想田和弘・『週刊金曜日』編集委員|2025年11月24日2:41PM

想田和弘・『週刊金曜日』編集委員。

 ドナルド・トランプの熱烈な支援者で、若い世代に影響力のある極右活動家チャーリー・カーク氏が、大学での講演中に銃で暗殺された。

 決して起きてはならぬ、痛ましい事件である。同時に許しがたいのは、彼の死を政治的に利用しようとする者たちだ。

 その先頭に立ったのは、残念ながらというべきか、案の定というべきか、ドナルド・トランプである。容疑者が右派の家庭で育ち、単独犯であることが濃厚であるにもかかわらず、トランプは事件を左派の責任だと決めつけた。そして、ファシズムに反対する分散型の運動「アンティファ(Antifa)」をテロ組織に指定するための大統領令に署名、アンティファに資金援助をする人間や団体も念入りに調査すると宣言した。

 今のところ、容疑者がアンティファと関わりがあったという形跡はない。また、指導者も会員も組織もない、団体というよりはイデオロギーにすぎぬアンティアをどうやってテロ組織に認定するのか、専門家からは疑問の声が上がっている。

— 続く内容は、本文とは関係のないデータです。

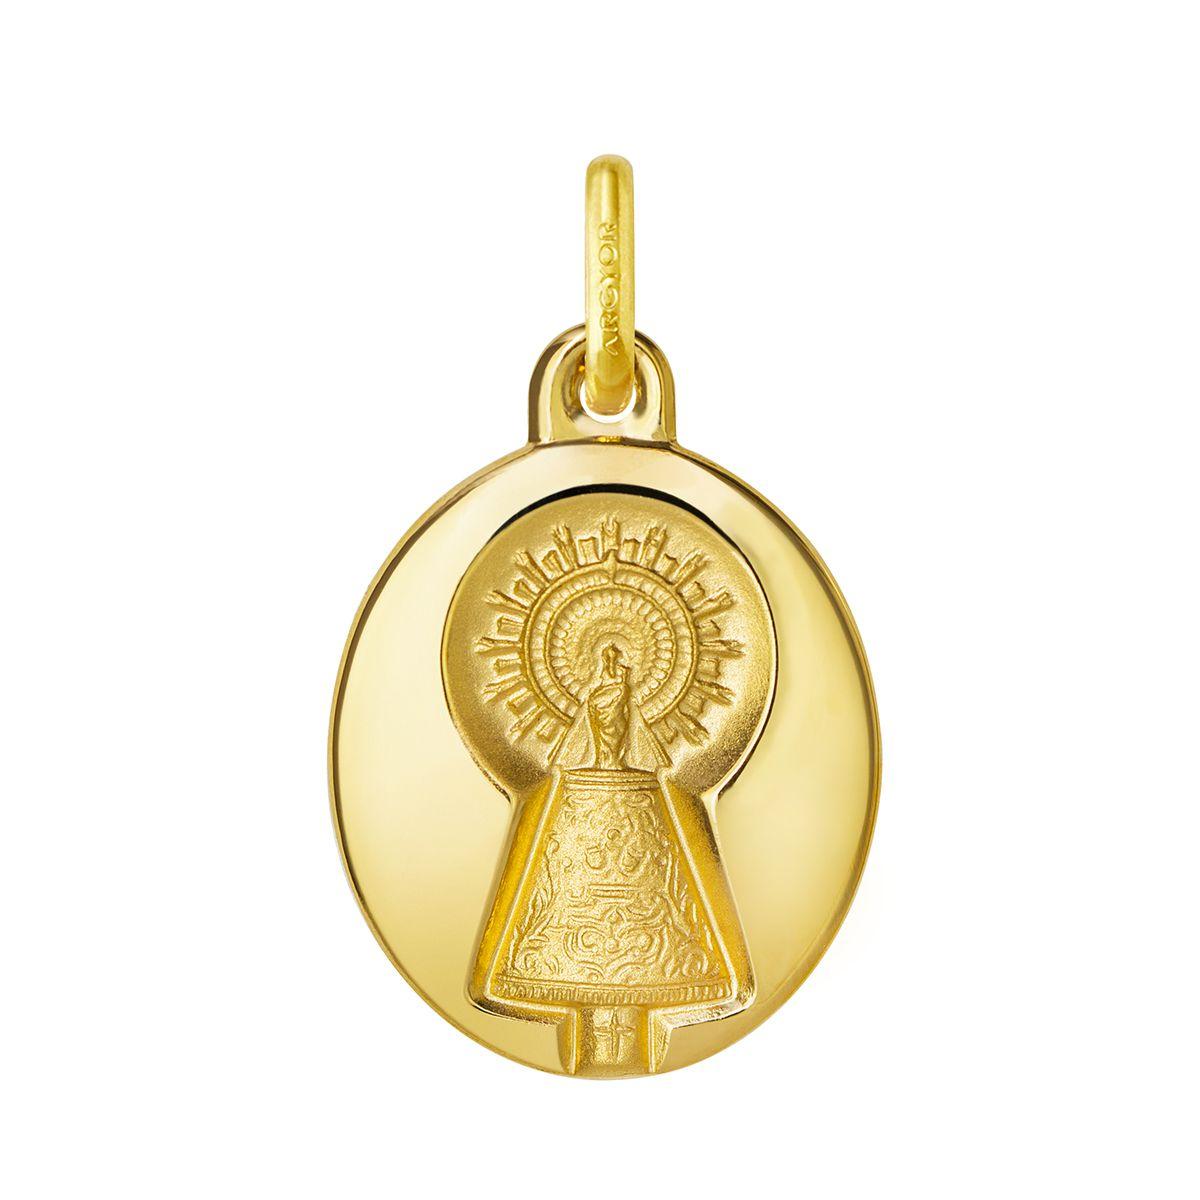 cfc8417bc88e Medalla Virgen del Pilar-18 1034215

 だが、そんなことはトランプにはどうでもよい。彼にとって、アンティファをテロ組織と認定するのは、自分を批判する「敵」を威圧し、黙らせ、迫害するための口実にすぎないからである。

 実際、マッカーシーによる赤狩りでも、スターリンによる粛清裁判でも、ドゥテルテによる麻薬組織撲滅運動でも、追及の対象者が実際に“シロ”か“クロ”かなど、どうでもよかった。アンティファのように組織的実態がない運動を対象にすることは、網にかける対象を際限なく恣意的に広げられるという意味では、トランプにはむしろ好都合かもしれない。

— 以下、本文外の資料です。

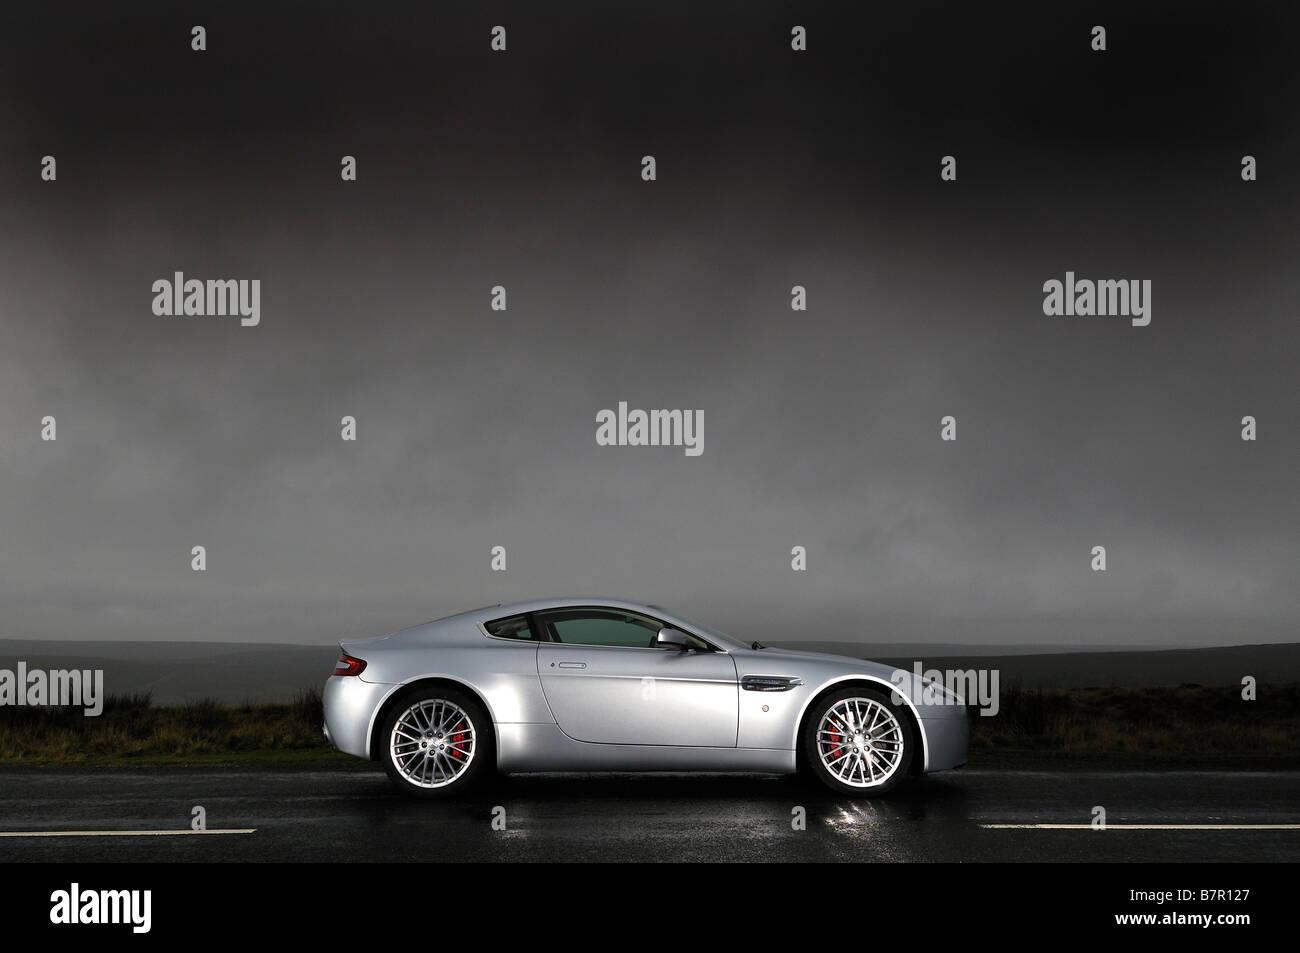 Aston Martin V8 Vantage Stockbild

 僕が苦々しく思い出すのは、2001年、同時多発テロが起きた際に米国大統領だったジョージ・W・ブッシュが放った言葉である。

「あらゆる地域のあらゆる国家はいま決断を下さなければならない。われわれの味方になるか、それともテロリストの側につくか」

 あのとき米国民の大半は、右も左も、ブッシュが唱えた単純な善悪の二分法に同調し、無差別大量殺人とも言える凄惨な対テロ戦争を開始した。トランプらはいま同じ二分法を国内に当てはめ、矛先を米国民に向けようとしている。思えば、米国社会は対テロ戦争に限らず、この二分法を長年好んで唱和してきた。したがってそれを超越する論理を持ちうるのかどうか。僕は悲観的である。